Неимоверным усилием воли я сдержал себя и устоял против ее провокации.
— А где наш друг Пьер-Франсуа празднует Кристмас? — обратился я к Тьерри светским тоном графа из оперетты.
— Вместе с Филиппом. У его родителей. — Тьерри встал с кресла. — Я думаю мне пора, Эдвард. Я немного устал.
Мне очень не хотелось его отпускать, потому что знал, что, едва за ним закроется дверь, мы с Наташкой бросимся друг на друга.
— Уже четыре часа. Хочешь, оставайся у нас? Ляжешь на диване.
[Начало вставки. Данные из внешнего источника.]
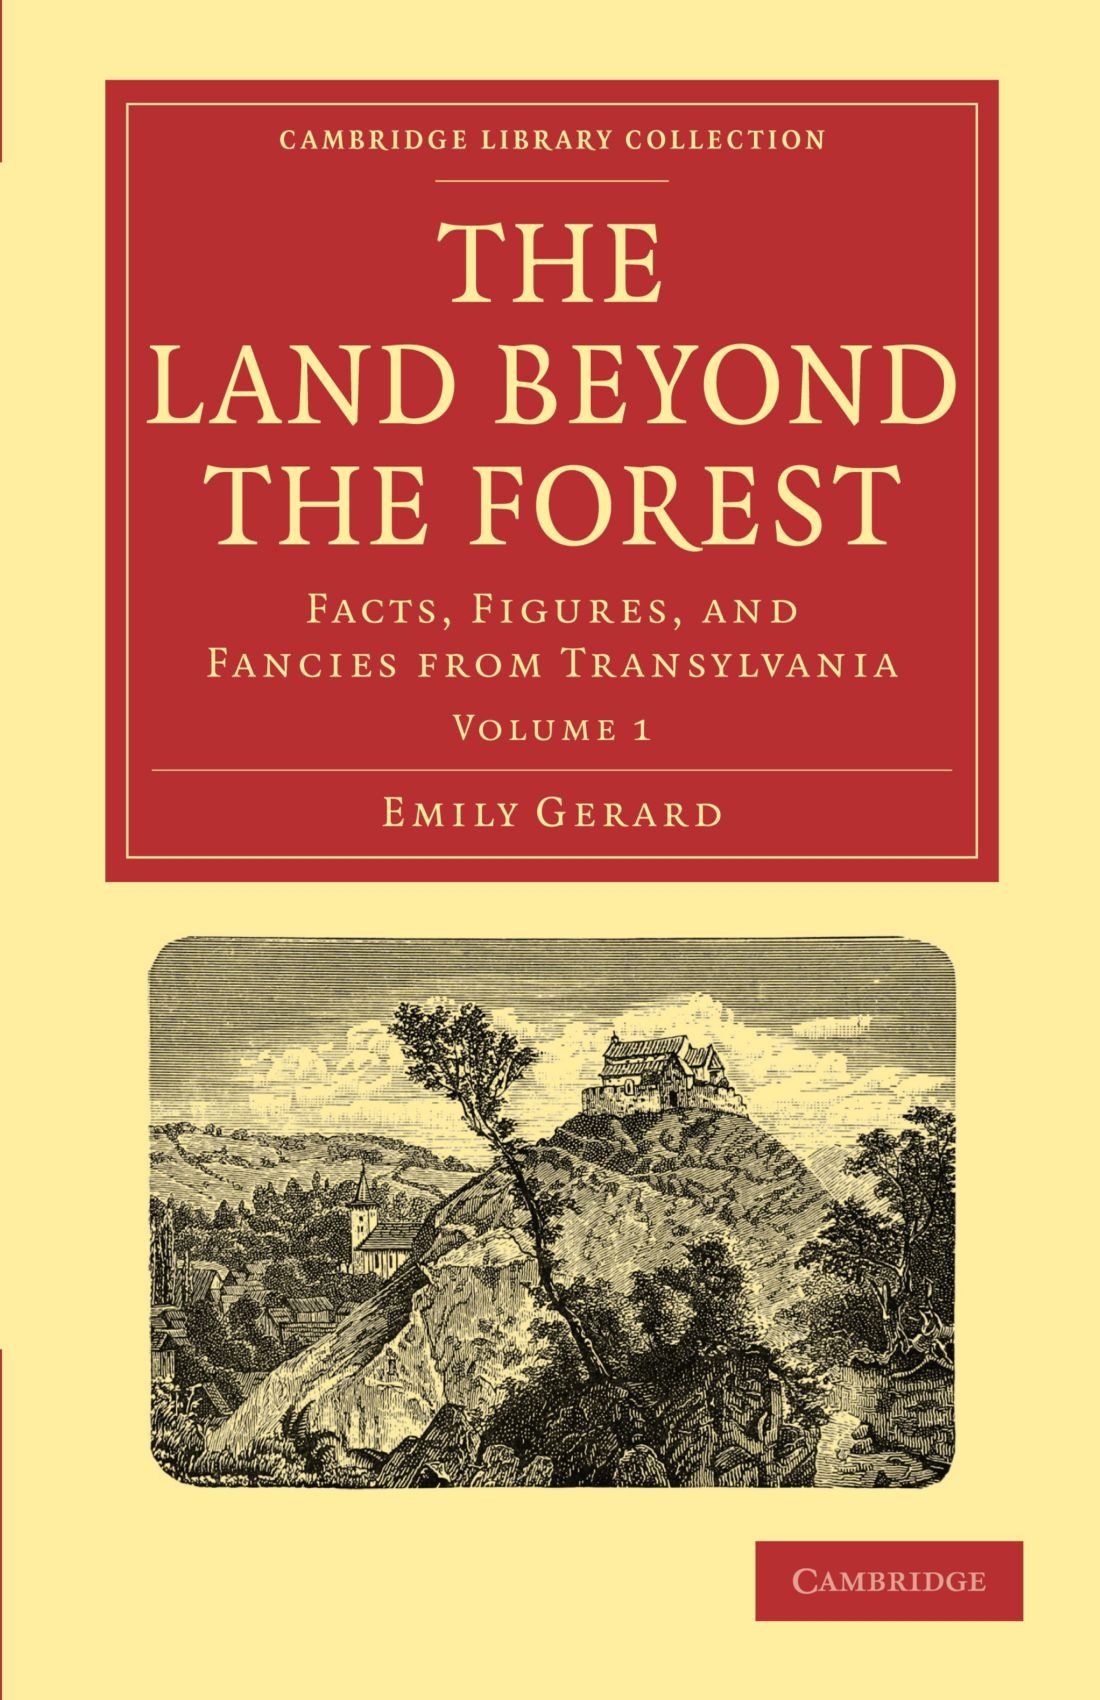 The Land Beyond the Forest: Facts, Figures, and Fancies from Transylvania (Cambridge Library Collection - Travel, Europe) (Volume 1)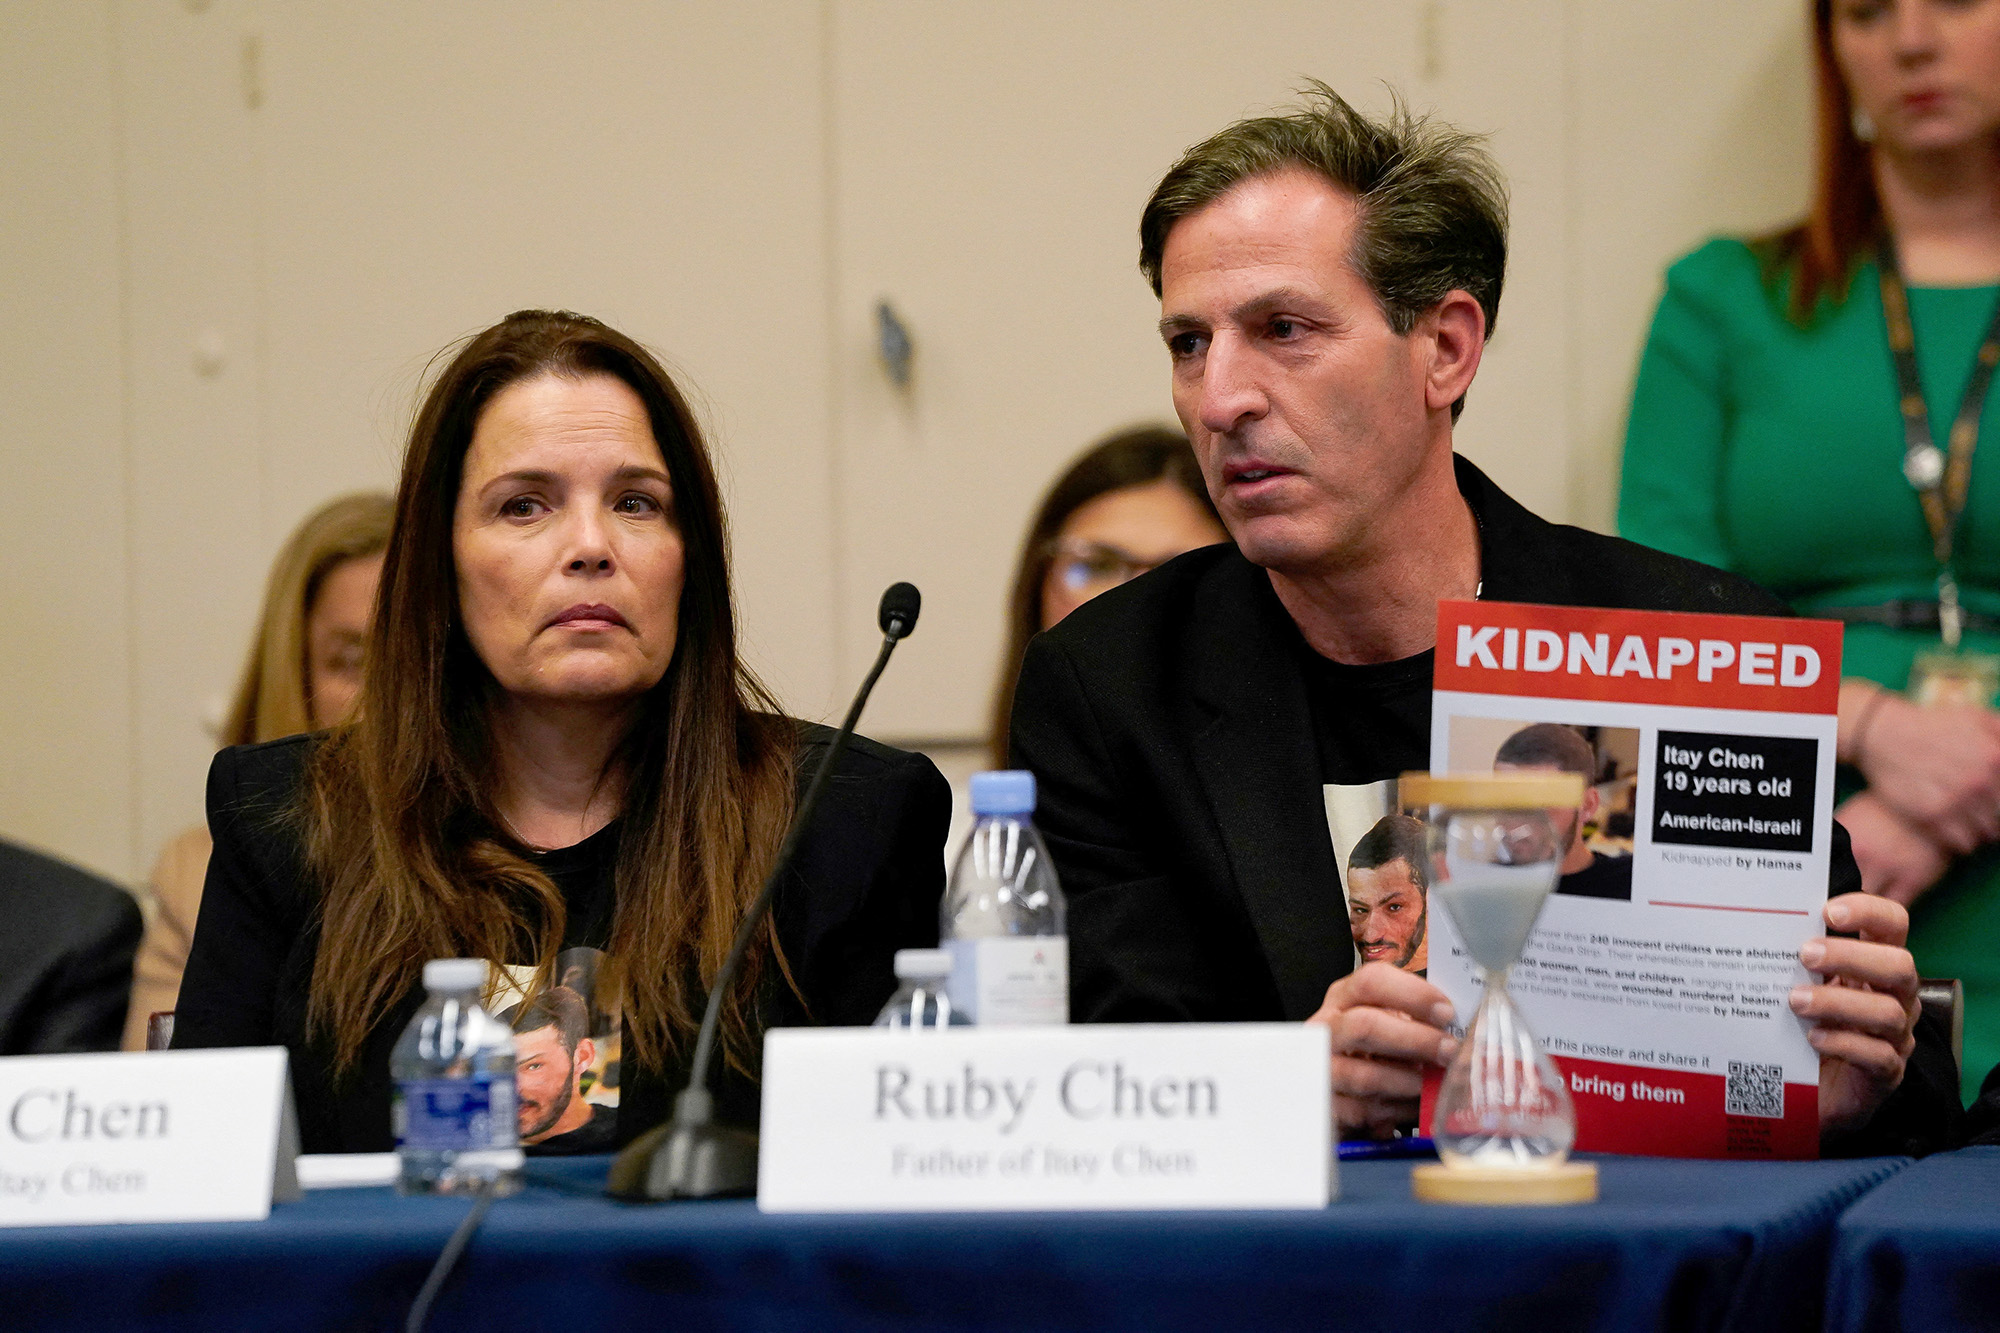 Hagit and Ruby Chen, parents of Itay Chen, speak during a U.S. House Foreign Affairs Middle East, North Africa, and Central Asia Subcommittee roundtable discussion with family members of individuals being held hostage by Hamas, on Capitol Hill in Washington, on November 29.

Ему не хотелось тащиться через весь город ночью, денег на такси у него наверняка не было, но и перспектива провести ночь под одной крышей с двумя такими персонажами, как я и Наташка, его, очевидно, не прельщала.
— Оставайся, Тьерри! — неожиданно поддержала меня Наташка.
У нее были, очевидно, какие-то свои соображения. Скандалов со мной она теперь не боится, напротив — хочет их. С некоторым трудом встав с дивана, Наташка пошла к шкафу и, выдернув оттуда простыню и наволочку, неловко швырнула их на диван:
— Вот тебе белье…
Тьерри сдался.
— О.К. Я остаюсь… — Он покорно опустился в кресло.
— Я принесу тебе одеяло. — Я пошел в спальню. Вернувшись, я увидел, что она сидит на коленях у Тьерри. Мне пришлось мобилизовать всю мою силу воли для того, чтобы не врезать Наташке по физиономии. Бедняга Тьерри вымученно смеялся, пытаясь высвободиться из-под русской женщины.
— Вот тебе одеяло, Тьерри… — спокойно сказал я. — Идем, Наташа, спать. Мы все устали…
Она встала и сделала два шага ко мне, пьяно и задиристо улыбаясь.
— Он хочет спать, ха-ха… Вместо того, чтобы ебать меня, он будет храпеть! — вдруг сказала она, обернувшись к Тьерри, все еще улыбаясь улыбкой пьяного сфинкса.
Я с наслаждением дал ей пощечину, закричал:
— Сука! Говно! — по-русски, схватил ее за руку и вытащил из комнаты: — Спокойной ночи, Тьерри! — вежливо попрощался я с оторопевшим от неожиданности другом и закрыл за собой дверь.
— Ты ударил меня! Как ты смел меня ударить! — прорычал зверь, глядя на меня огромными и страшными по причине мэйкапа дырами глаз. Зверь был страшновато красив в этот момент, грозный и безумный зверь.
— Как тебе не стыдно орать моему приятелю, что я не ебу тебя, мерзкая девка!
— А ты что, ебешь меня, да?
Она стала коленями на кровать и выглядит, как приготовившаяся к драке кошка. Черная кошка, потому что на ней черные чулки, черная кожаная юбка и черная куртка с большими плечами. Она быстро сориентировалась в здешней моде.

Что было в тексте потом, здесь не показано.